В соответствии с частью 6 статьи 38 Федерального закона "Об основах охраны здоровья граждан в Российской Федерации" Правительство Российской Федерации постановляет:

1. Утвердить прилагаемые Правила ввоза на территорию Российской Федерации медицинских изделий, указанных в пунктах 1, 2 и 5 части 5 статьи 38 Федерального закона "Об основах охраны здоровья граждан в Российской Федерации" (за исключением медицинских изделий, указанных в подпунктах "а", "в" и "г" пункта 11 статьи 4 Соглашения о единых принципах и правилах обращения медицинских изделий (изделий медицинского назначения и медицинской техники) в рамках Евразийского экономического союза от 23 декабря 2014 г.).

2. Настоящее постановление вступает в силу с 1 марта 2022 г. и действует до 1 января 2027 г.

Председатель Правительства
Российской Федерации
М.МИШУСТИН

Утверждены
постановлением Правительства
Российской Федерации
от 9 августа 2021 г. N 1321

ПРАВИЛА
ВВОЗА НА ТЕРРИТОРИЮ РОССИЙСКОЙ ФЕДЕРАЦИИ МЕДИЦИНСКИХ
ИЗДЕЛИЙ, УКАЗАННЫХ В ПУНКТАХ 1, 2 И 5 ЧАСТИ 5 СТАТЬИ 38
ФЕДЕРАЛЬНОГО ЗАКОНА "ОБ ОСНОВАХ ОХРАНЫ ЗДОРОВЬЯ ГРАЖДАН
В РОССИЙСКОЙ ФЕДЕРАЦИИ" (ЗА ИСКЛЮЧЕНИЕМ МЕДИЦИНСКИХ
ИЗДЕЛИЙ, УКАЗАННЫХ В ПОДПУНКТАХ "А", "В" И "Г" ПУНКТА 11
СТАТЬИ 4 СОГЛАШЕНИЯ О ЕДИНЫХ ПРИНЦИПАХ И ПРАВИЛАХ ОБРАЩЕНИЯ
МЕДИЦИНСКИХ ИЗДЕЛИЙ (ИЗДЕЛИЙ МЕДИЦИНСКОГО НАЗНАЧЕНИЯ
И МЕДИЦИНСКОЙ ТЕХНИКИ) В РАМКАХ ЕВРАЗИЙСКОГО
ЭКОНОМИЧЕСКОГО СОЮЗА ОТ 23 ДЕКАБРЯ 2014 Г.)

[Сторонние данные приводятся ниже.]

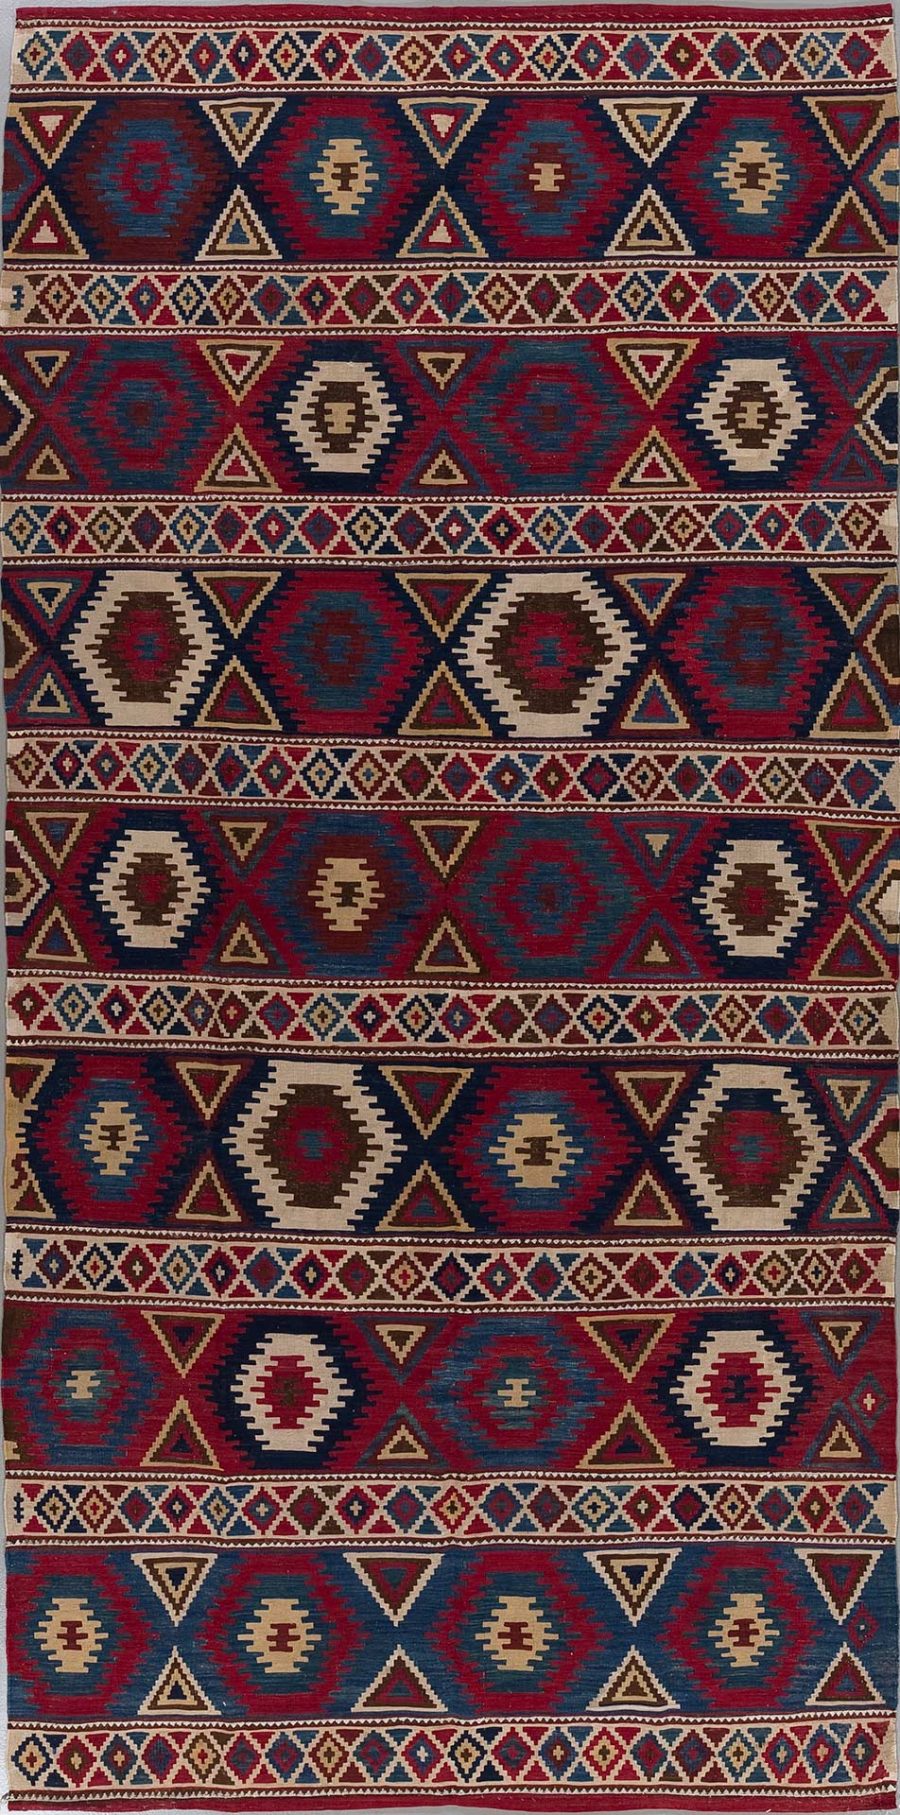 Traditioneller handgewebter Teppich mit wiederholenden geometrischen Mustern und Symmetrien in Rot-, Blau-, Beige- und Brauntönen.

1. Настоящие Правила устанавливают порядок ввоза на территорию Российской Федерации медицинских изделий, указанных в пунктах 1, 2 и 5 части 5 статьи 38 Федерального закона "Об основах охраны здоровья граждан в Российской Федерации" (за исключением медицинских изделий, указанных в подпунктах "а", "в" и "г" пункта 11 статьи 4 Соглашения о единых принципах и правилах обращения медицинских изделий (изделий медицинского назначения и медицинской техники) в рамках Евразийского экономического союза от 23 декабря 2014 г.).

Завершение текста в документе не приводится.